Effective January 1, the export tax on CPO has been lowered to between 4.5 per cent and 8.5 per cent, from the previous average of 23 per cent. It is being fixed on a monthly basis.

The CPO tax re-structure has, to a certain extent, allowed refiners in Malaysia to market cooking oil, oleochemicals, specialty fats and biodiesel at competitive prices in the global marketplace.

Singapore stock exchange-listed’s Mewah International Inc’s planned Lahad Datu refinery had been left idle for more than a year.

Back in October 2011, the Indonesian government created an unlevel playing field when it widened the export tax gap between crude and refined palm oil there.

As the second biggest player in Malaysia after Wilmar Group, Mewah Group has the capacity to process 2.8 million tonnes of palm oil a year.

“Now that Malaysian government has finally responded by restructuring the CPO tax to make it favourable for refiners here, the Lahad Datu plant is being revived,” a source said.

“It’s quite a sizeable refinery, at 2,000 tonnes per day. When it is commissioned towards the end of the year, Mewah’s total annual refining capacity in Malaysia will swell from 2.8 million to 3.3 million tonnes,” the source said when met at the ICIS Asian Oleochemicals Conference here yesterday.

The two-day conference is being organised by UK-based Reed Business Information. Also present at the conference were KLK Oleochemicals Group managing director A.K. Yeow and Khoo Kiak Kern, managing director of Desmet Ballestra Southeast Asia.
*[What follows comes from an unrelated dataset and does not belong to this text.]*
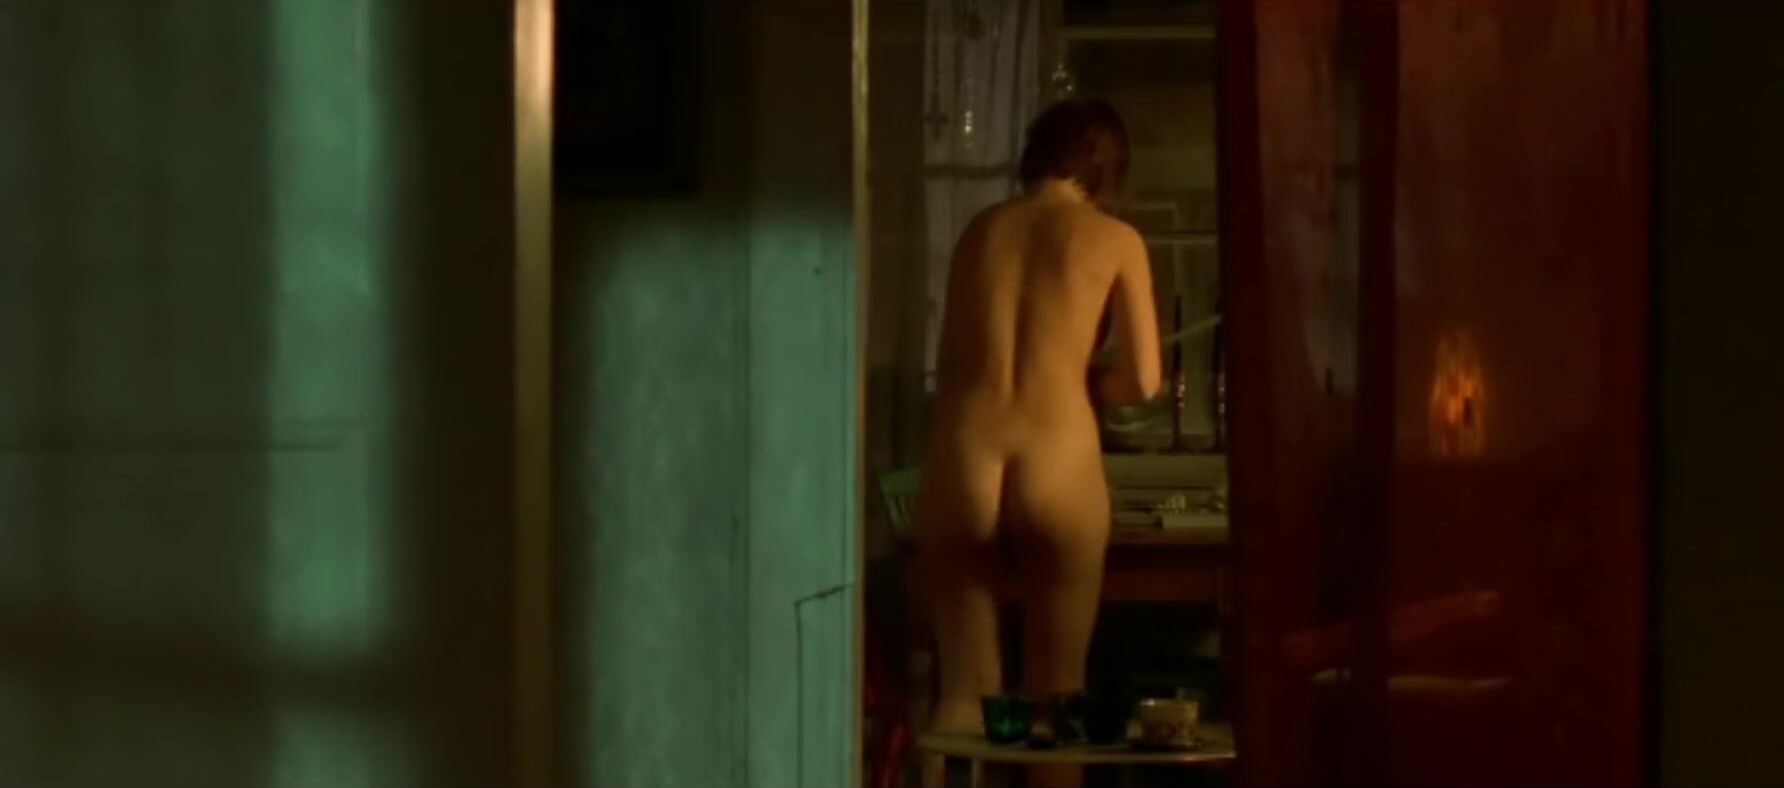 Fucks Swedish film Hannah Med H sex scene where man thrusts cock into Tove Edfeldt nude (2003) Made - 1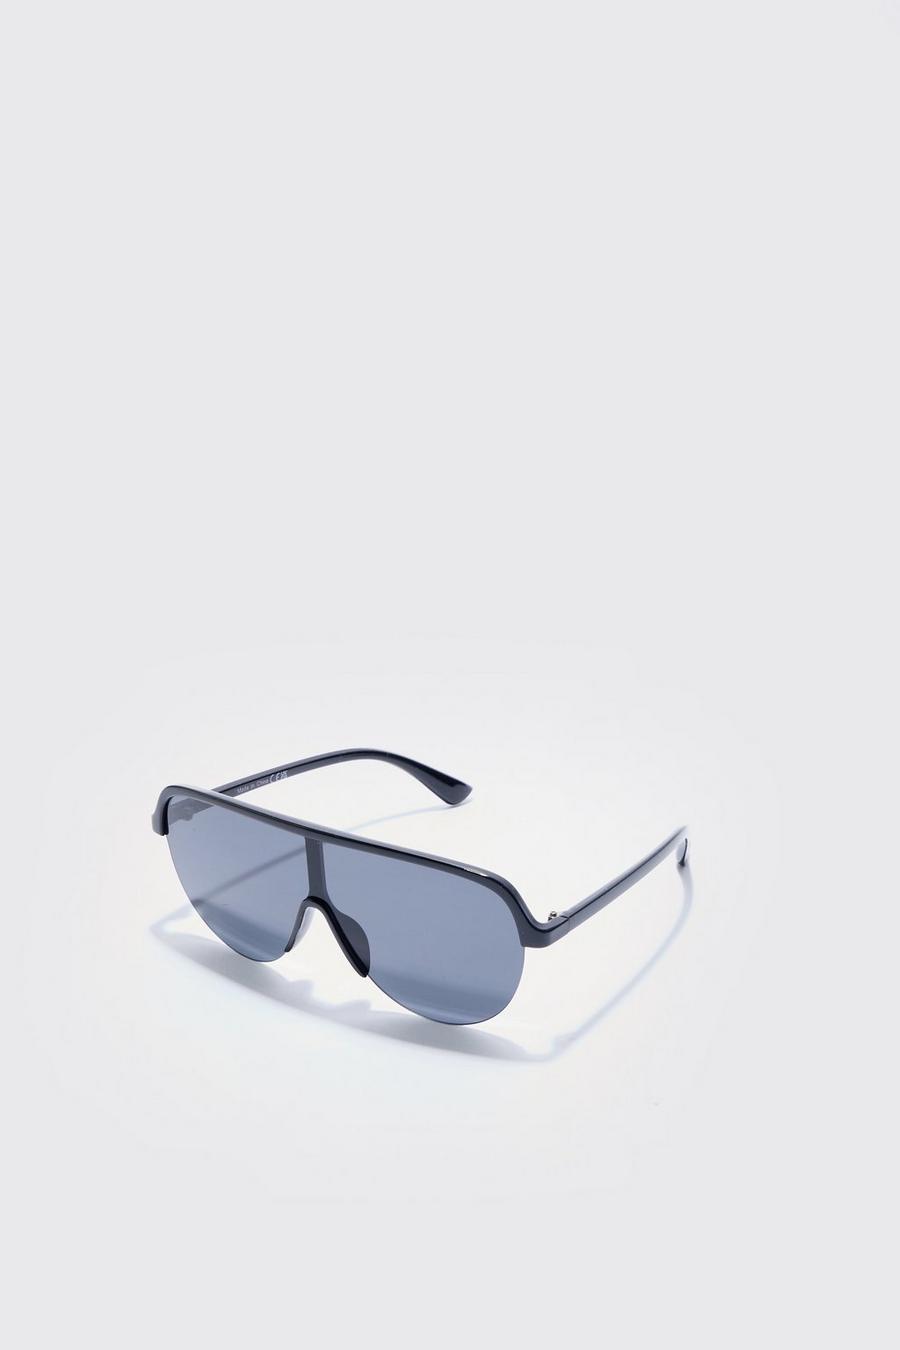 Black Shield Racer Sunglasses

Desmet Ballestra, the global leader in edible oils technology, has gained much business as downstream investors in Indonesia and Malaysia put up more refineries and upgrade existing oleochemicals, specialty fats and biodiesel plants.

“The job orders for refineries in Indonesia are super-sized. We are talking about those that are capable of churning out 2,000 tonnes of oil per day, so as to reap economies of scale,” said Khoo.

“Similarly, the new oleochemical plants are much bigger, some of which designed to produce 500 tonnes a day.”

Energy efficiency and water-saving features are also incorporated into the new plant designs, Khoo added.